───── Supplied data ─────

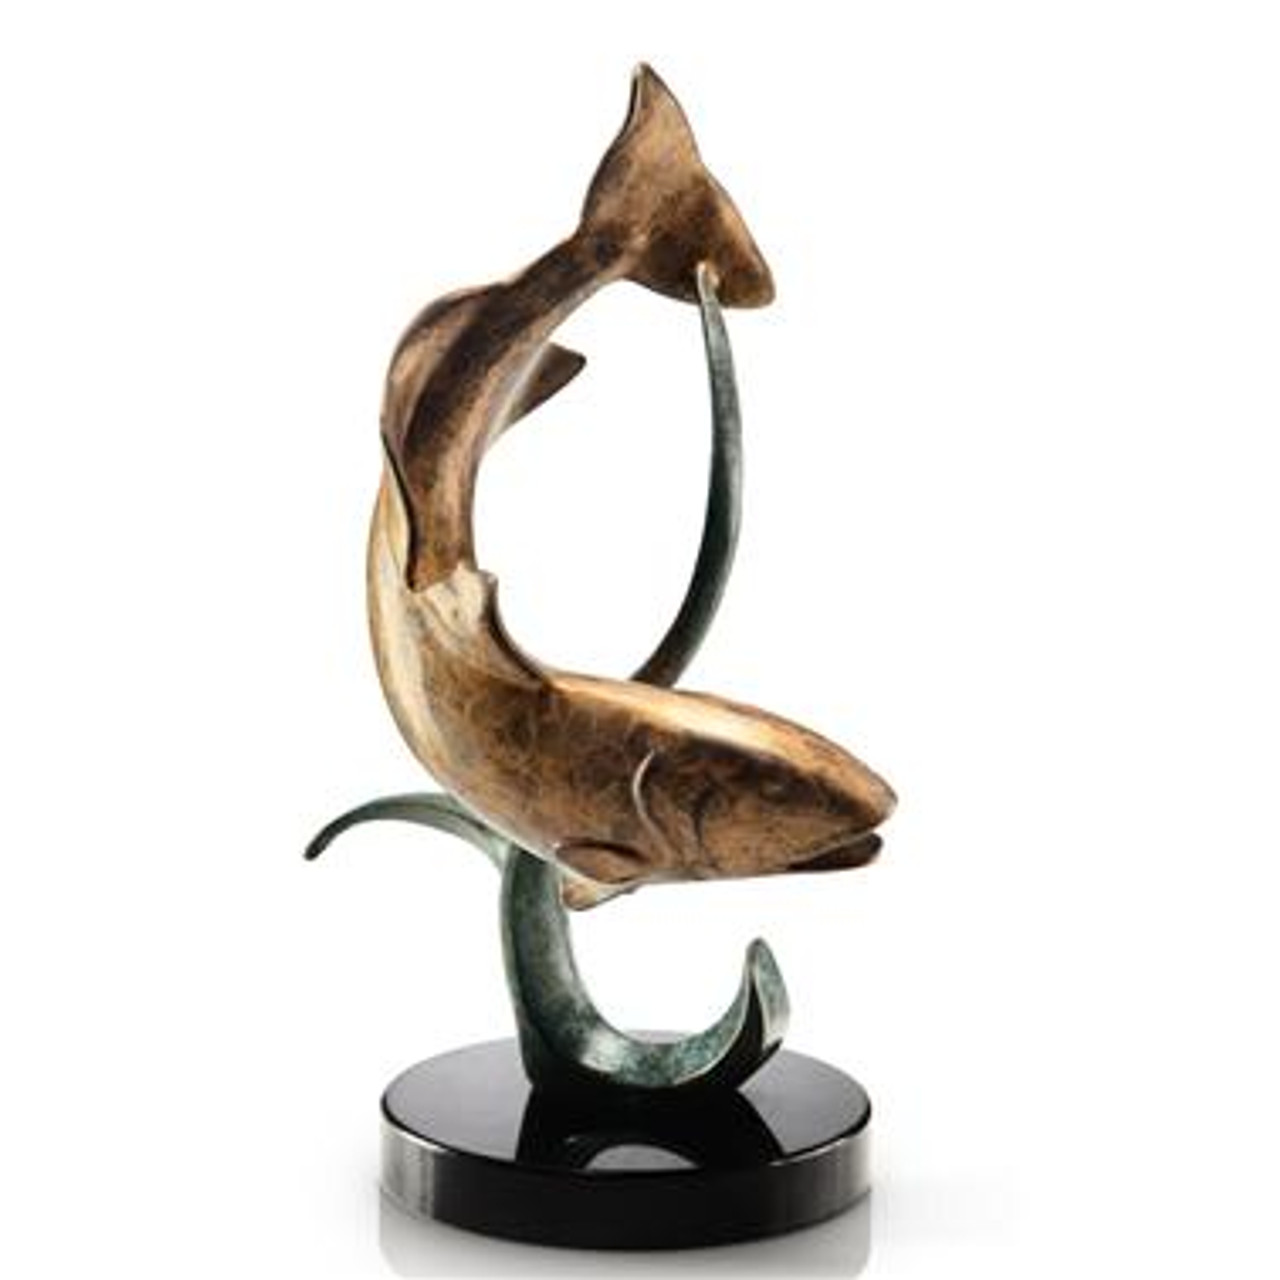 Shallow Water Fighter Sculpture - Everything Nautical, Inc.
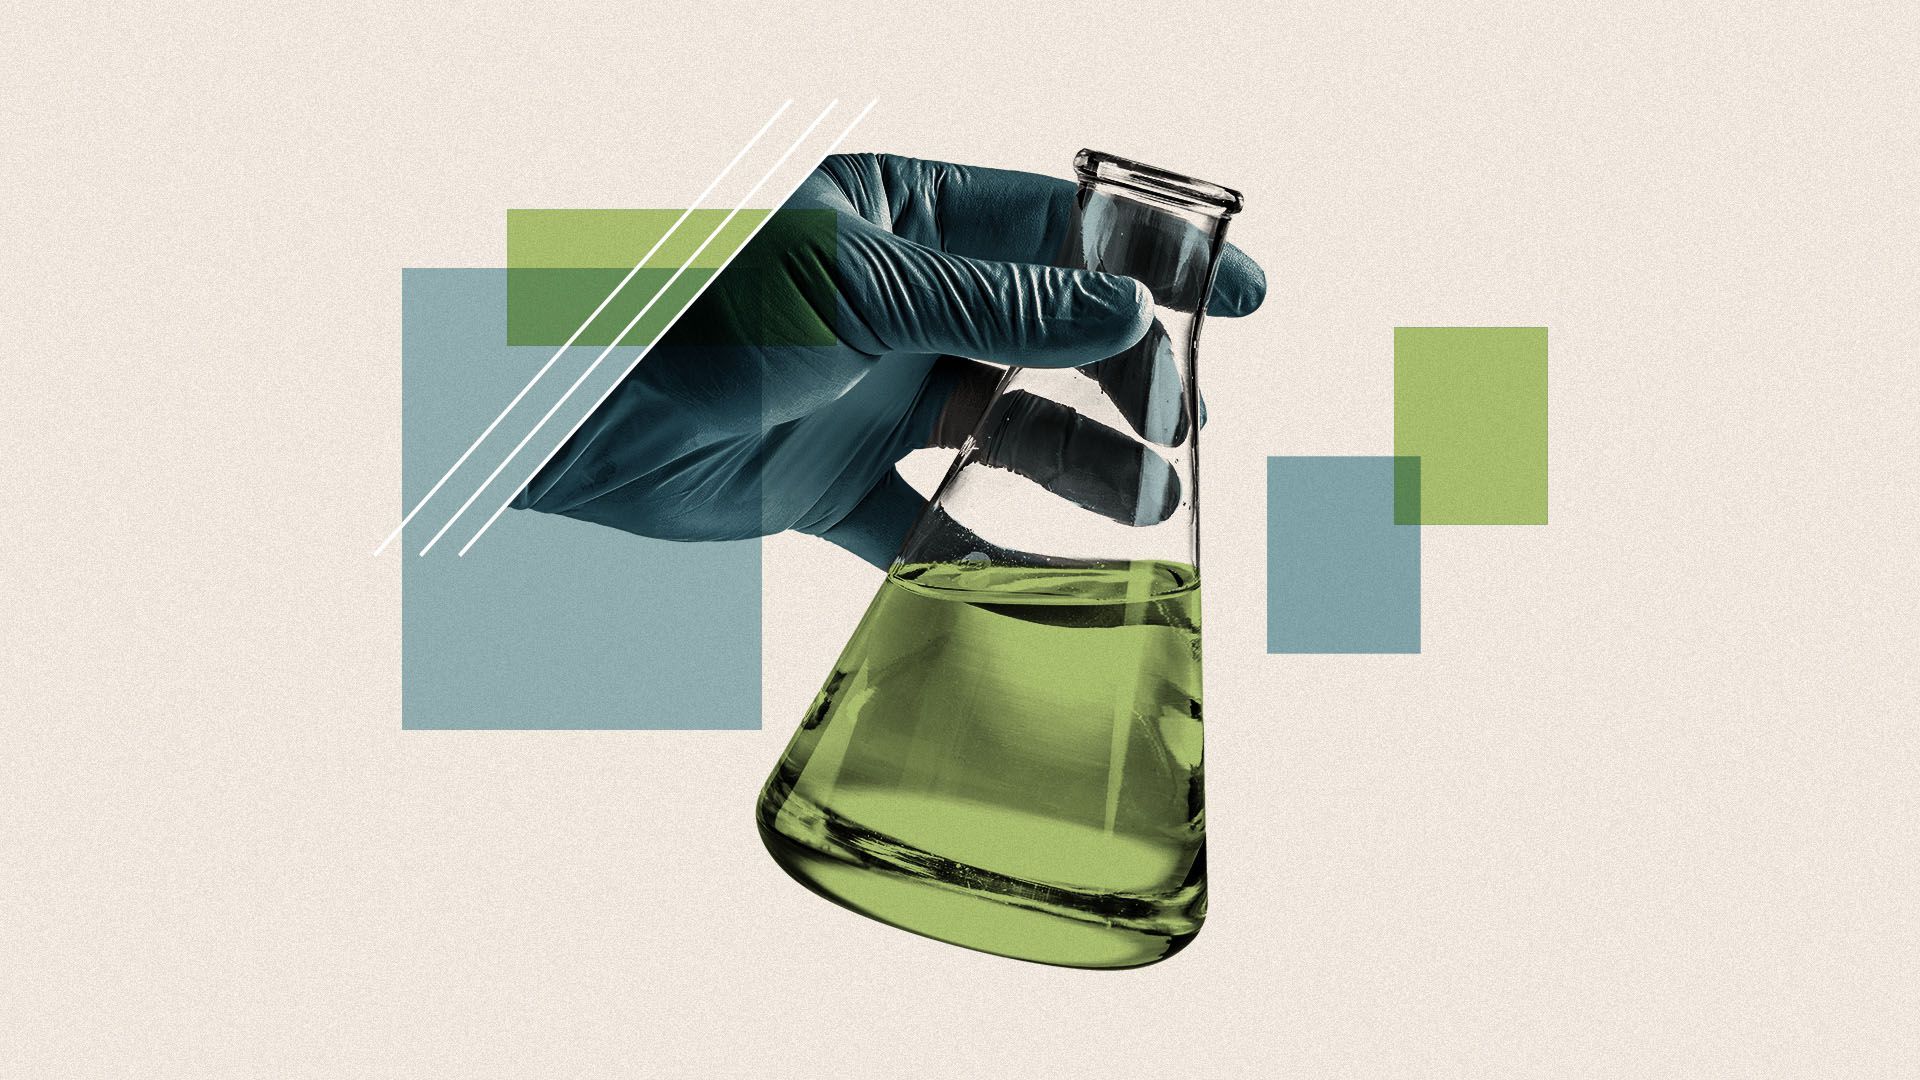 Illustration of a hand in a medical glove holding a beaker full of liquid
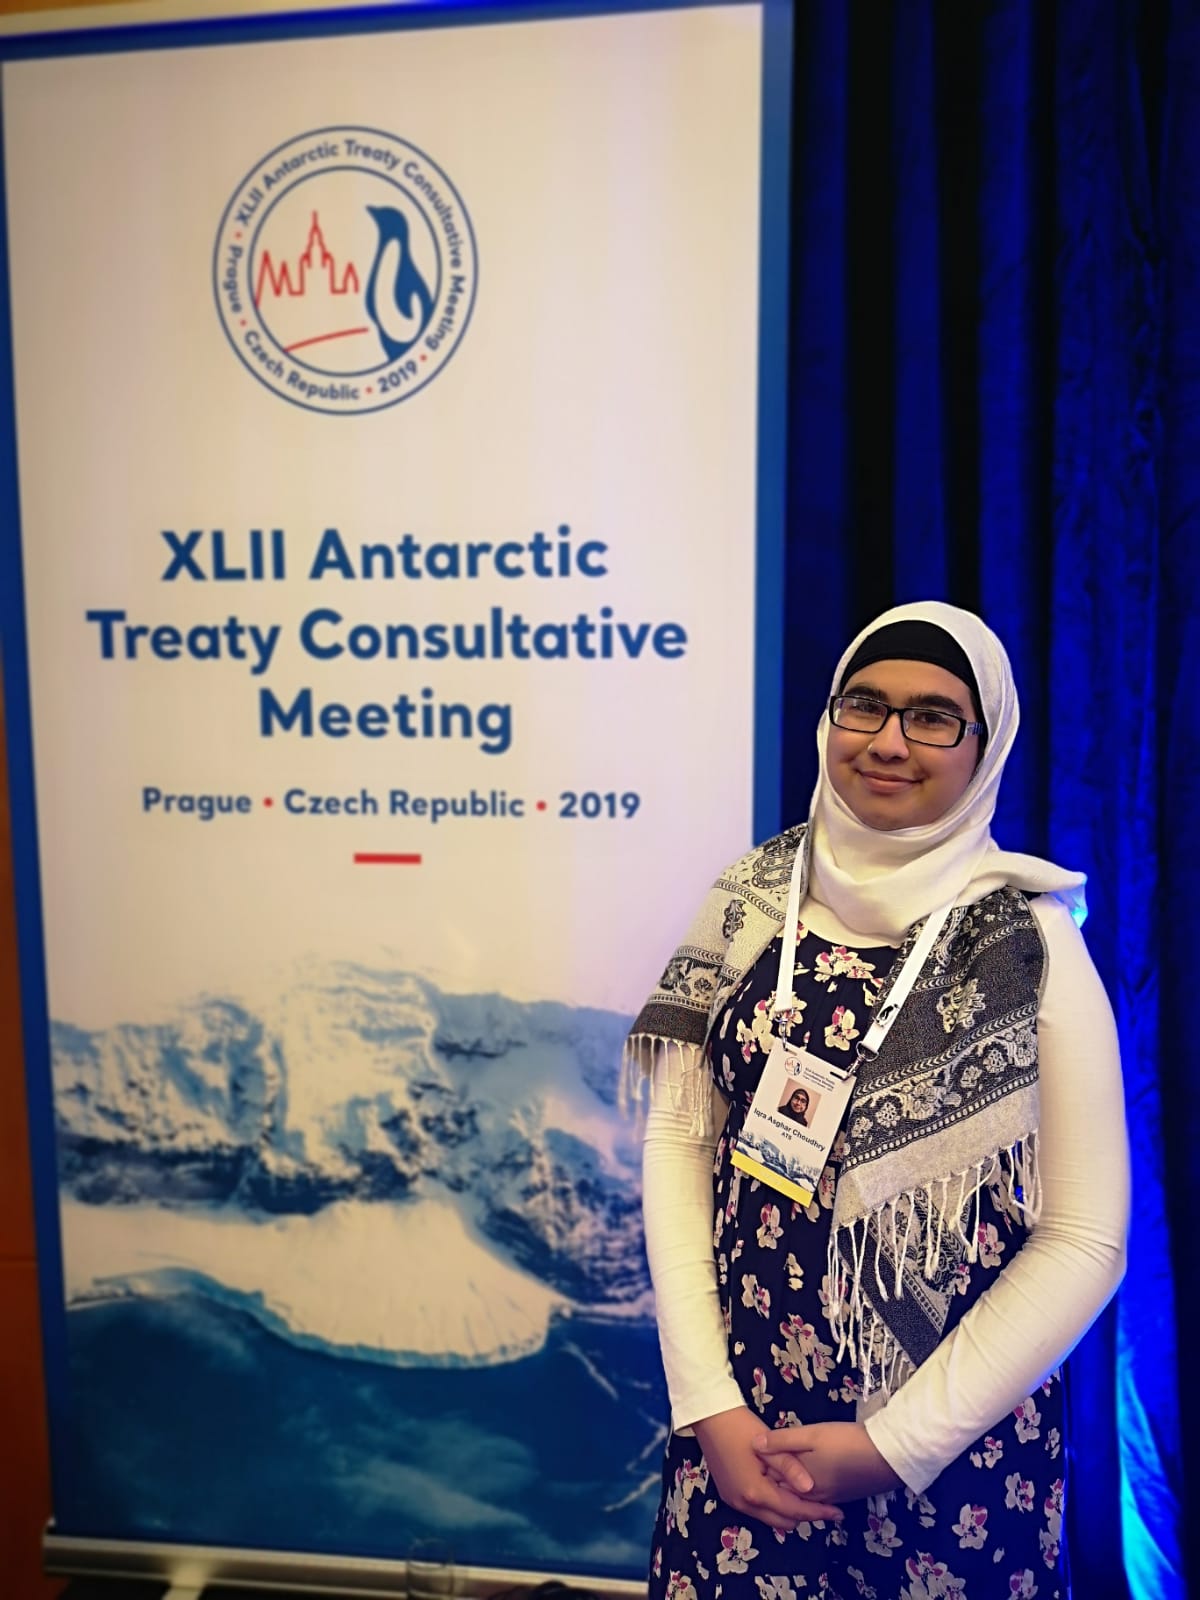 Dr. Iqra Choudhry stands beside a banner that reads 'XLII Antarctic Treaty Consultative Meeting, Prague, Czech Republic, 2019'.

─────

Work order: The listing above needs to be output again exactly. Don't include the pictures.

Response:
 Shallow Water Fighter Sculpture - Everything Nautical, Inc.
 Illustration of a hand in a medical glove holding a beaker full of liquid
 Dr. Iqra Choudhry stands beside a banner that reads 'XLII Antarctic Treaty Consultative Meeting, Prague, Czech Republic, 2019'.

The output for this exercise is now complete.